Sunday, 14 November 2010

Project 05: Eye-contact and expresssion

This project requires the photographer to shoot a portrait session, with face prominent, in which the subject is directed to at times look towards the camera and at others to ‘look away’.  I spent around 30-40 minutes, with Tim as my subject, and took around 50 different images in that period, from which I have selected 10 to illustrate the outcomes.
These first three images all have Tim looking directly towards the camera, the first with the body more or less square on to the camera, and the others with the body turned slightly left and right.
It is obvious, in all three, that the subject is aware of being photographed and that he is therefore ‘posed’ to some degree, though all three appear reasonably ‘relaxed’ and ‘natural’.  The viewer is immediately aware of the eye-contact, which engages his/her attention, though there might be very slight differences of expression that could lead to slightly different interpretations of the subject’s mood, intention, or whatever.
In the next batch, I have asked Tim to look away from the camera, whilst essentially maintaining a ‘neutral’ expression.  It seems harder for the viewer to understand these images.  They are posed and they look posed, but without the direct eye-contact, it is difficult to tell how engaged the subject is with the process, and for the viewer to engage with the subject.  They seem much less ‘personal’.  We feel much more comfortable judging facial expression when we have eye-contact with the subject.  At the specific level, the second image (top right) feels the most natural to me, and I think it is because Tim is leaning slightly into the direction that he is looking, with his head turned that way.

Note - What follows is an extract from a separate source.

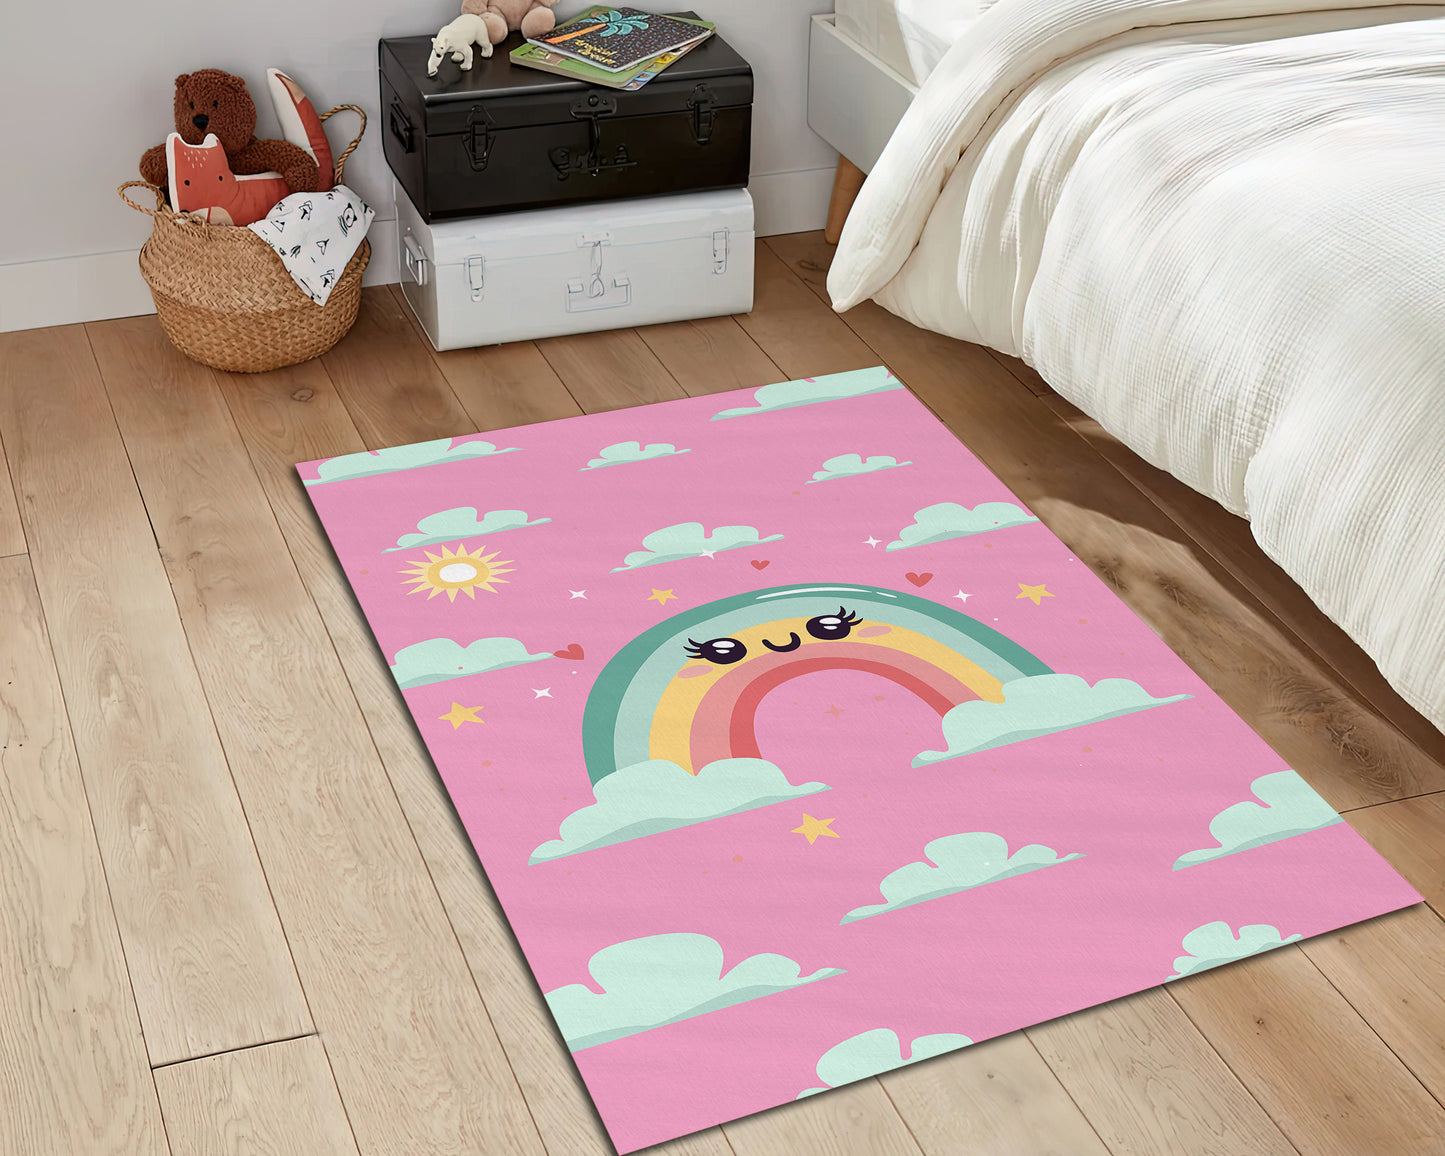 Kitty Cat Printed Rug, Children Room Decor, Rainbow Themed Carpet, Pink Baby Room Mat, New Born Baby Gift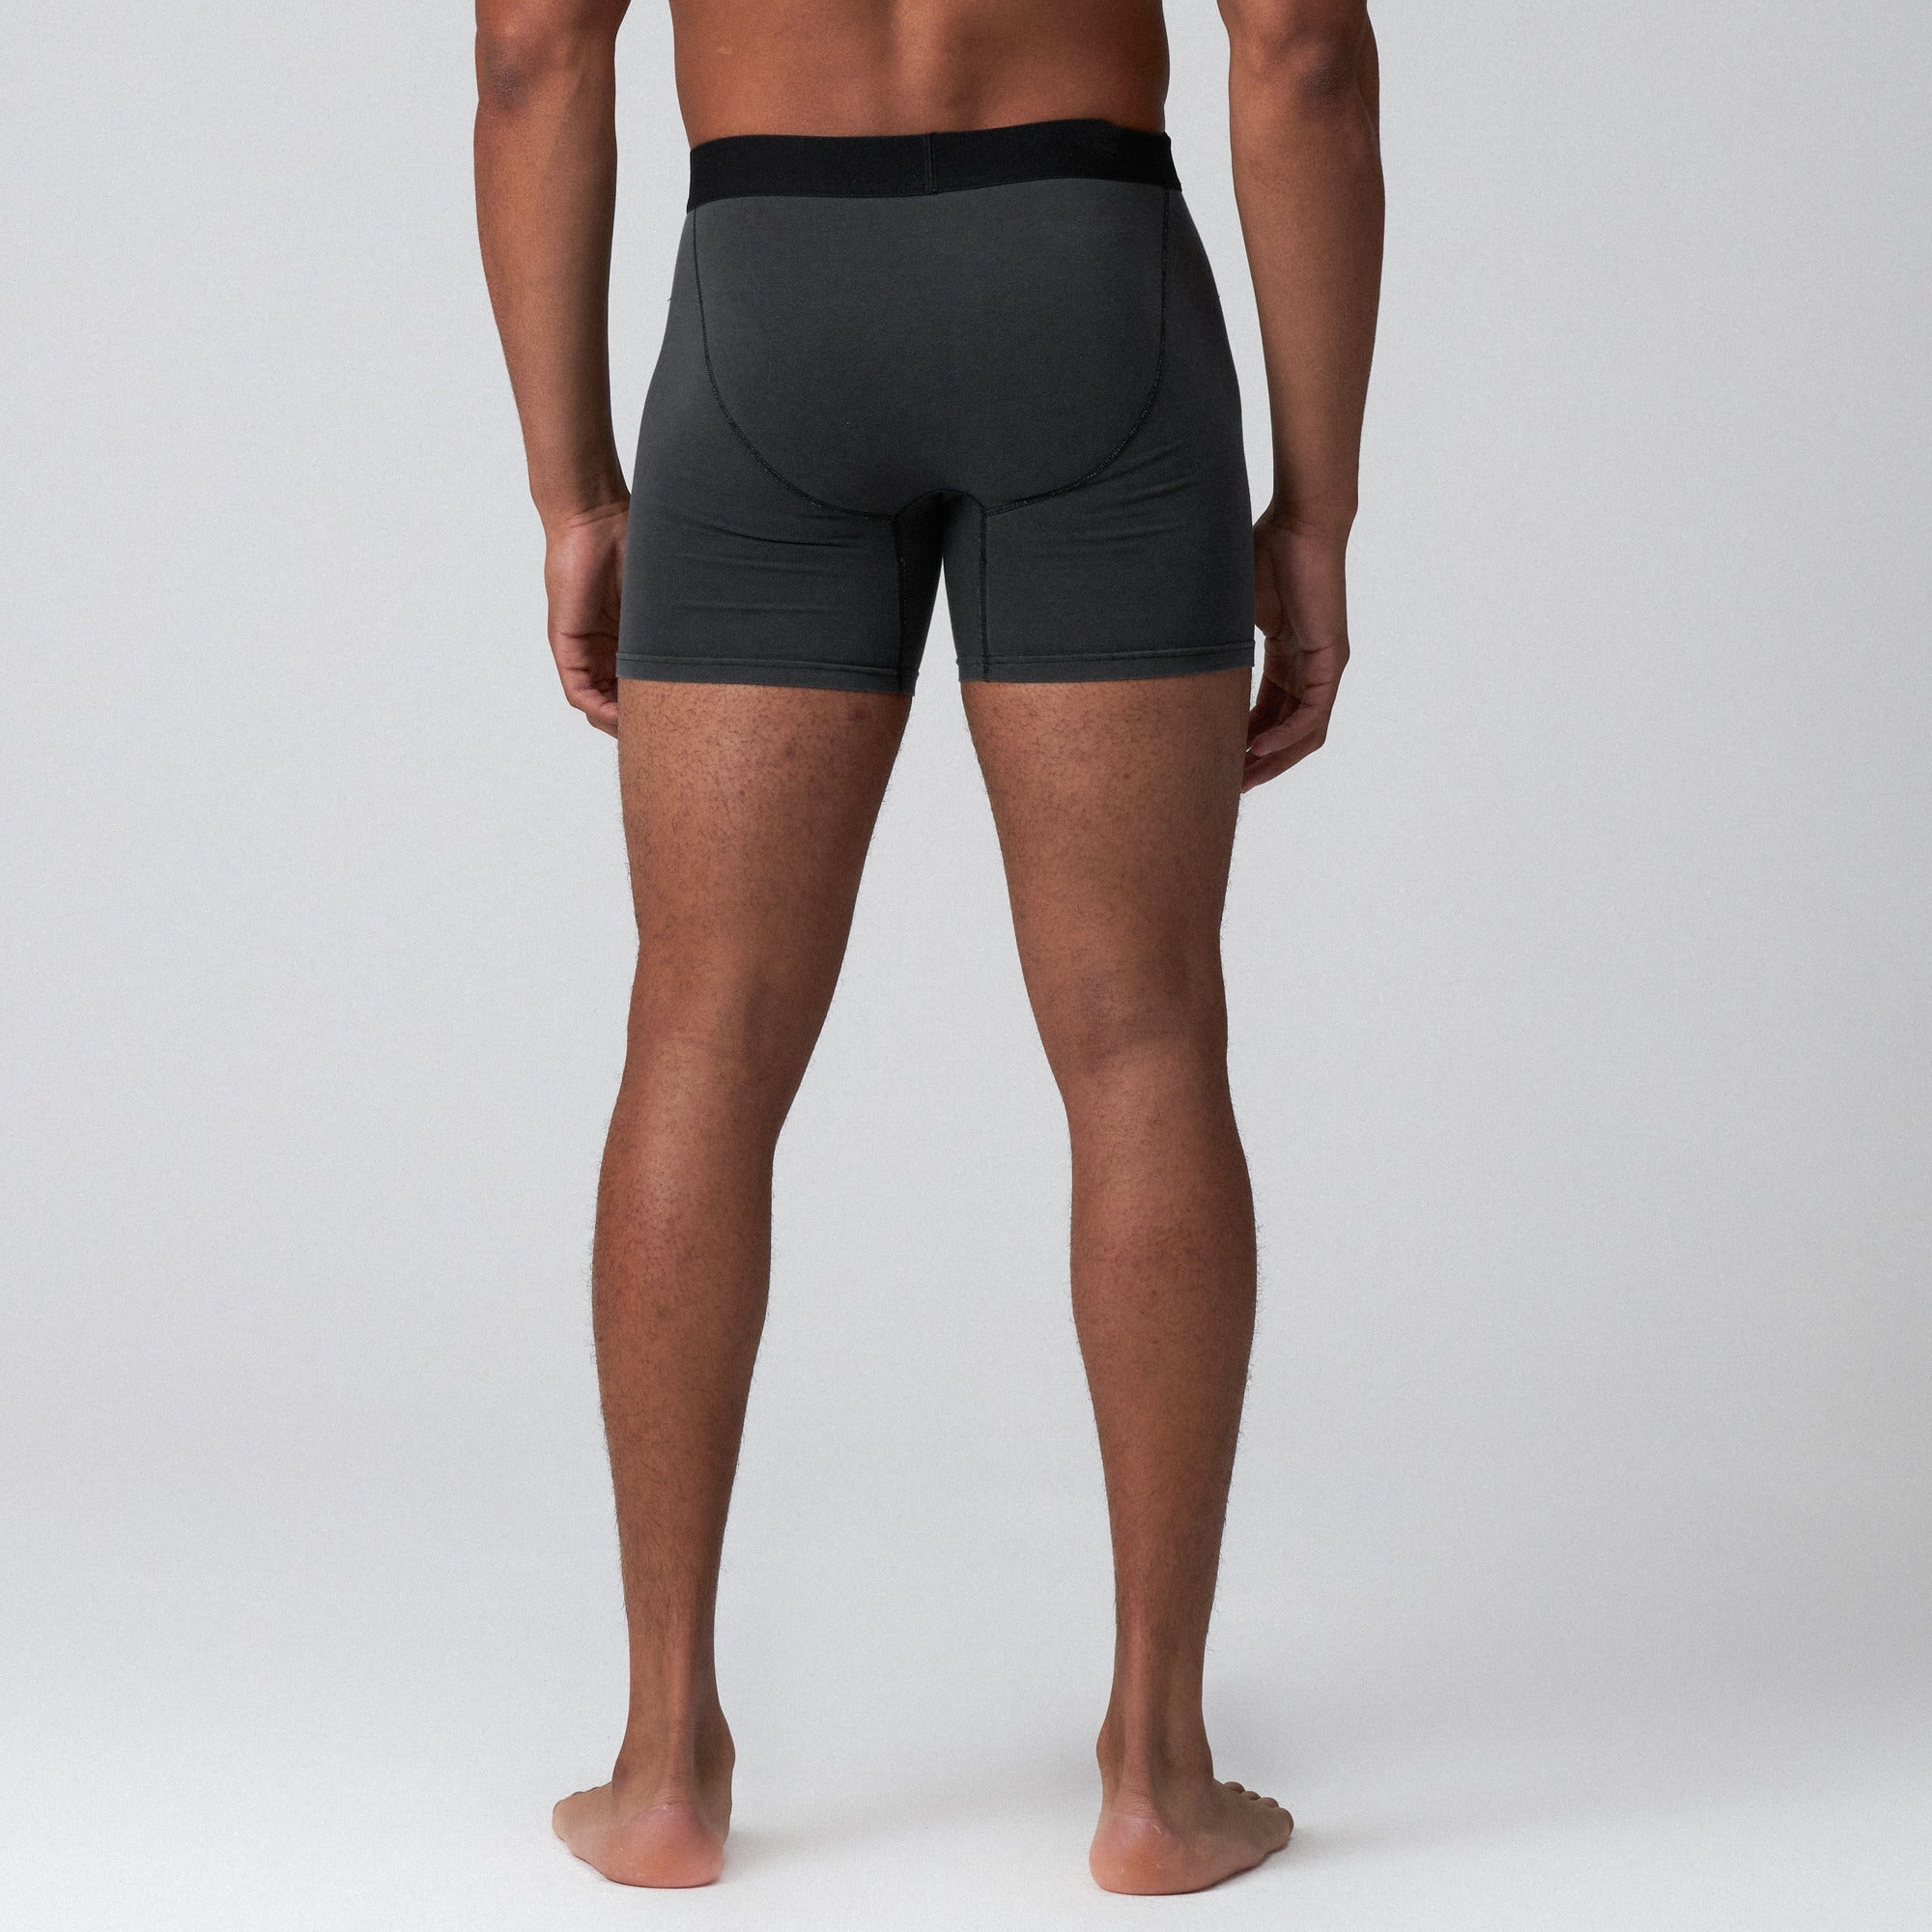 Men's Boxer Brief, Premium underwear

I know Tim well, and we engaged in plenty of conversation during the session – sometimes as I gave ‘stage direction’ and sometime just general ‘chat’.  I wanted to capture some less posed images and, using the cable release, pressed the shutter several times when Tim was not concentrating on ‘the pose’ (something he was perfectly aware of, of course).  We also, at one point, sought to simulate the ‘interview’ situation, looking to get a more absorbed version of the look away from camera.  Some of the results follow.
The first is directly comparable to the first of the previous four, with Tim sitting in more or less the same position.  The difference is that we have engaged in ‘banter’ that has brought a natural smile to Tim’s face.  Although he is looking away from the camera and the viewer does not have eye-contact, it feels much easier to engage with him as a subject in this image.
The second of this batch, below, is the one simulating an interview.  The subject’s face is turned more away from camera in this than in any of the others, but he looks absorbed because he is actually looking at me sitting out of frame to the left.  He doesn’t have eye contact with the camera, but he does have eye contact with me, resulting in a much more natural and less posed image than ‘gazing into the distance’.

Finally, the image below is probably the least ‘posed’ of all.  Again, we are sharing a joke, and I can tell from Tim’s body position that it is one the earlier shots, when he was sitting more or less directly facing the camera and we were shooting images of him look directly at it.  I am standing slightly left of camera and he has looked at me whilst laughing.  Once again, a viewer is likely to find it easier to engage with this image than with, say, the first of the previous batch of four, even though the subject is looking in more or less the same direction, from more or less the same position.
The project builds well on the previous ones, particularly with regard to communication between photographer and subject.  There is much more to directing a successful portrait than asking the subject to look one way or another!
Thanks, Tim, it was a very useful session.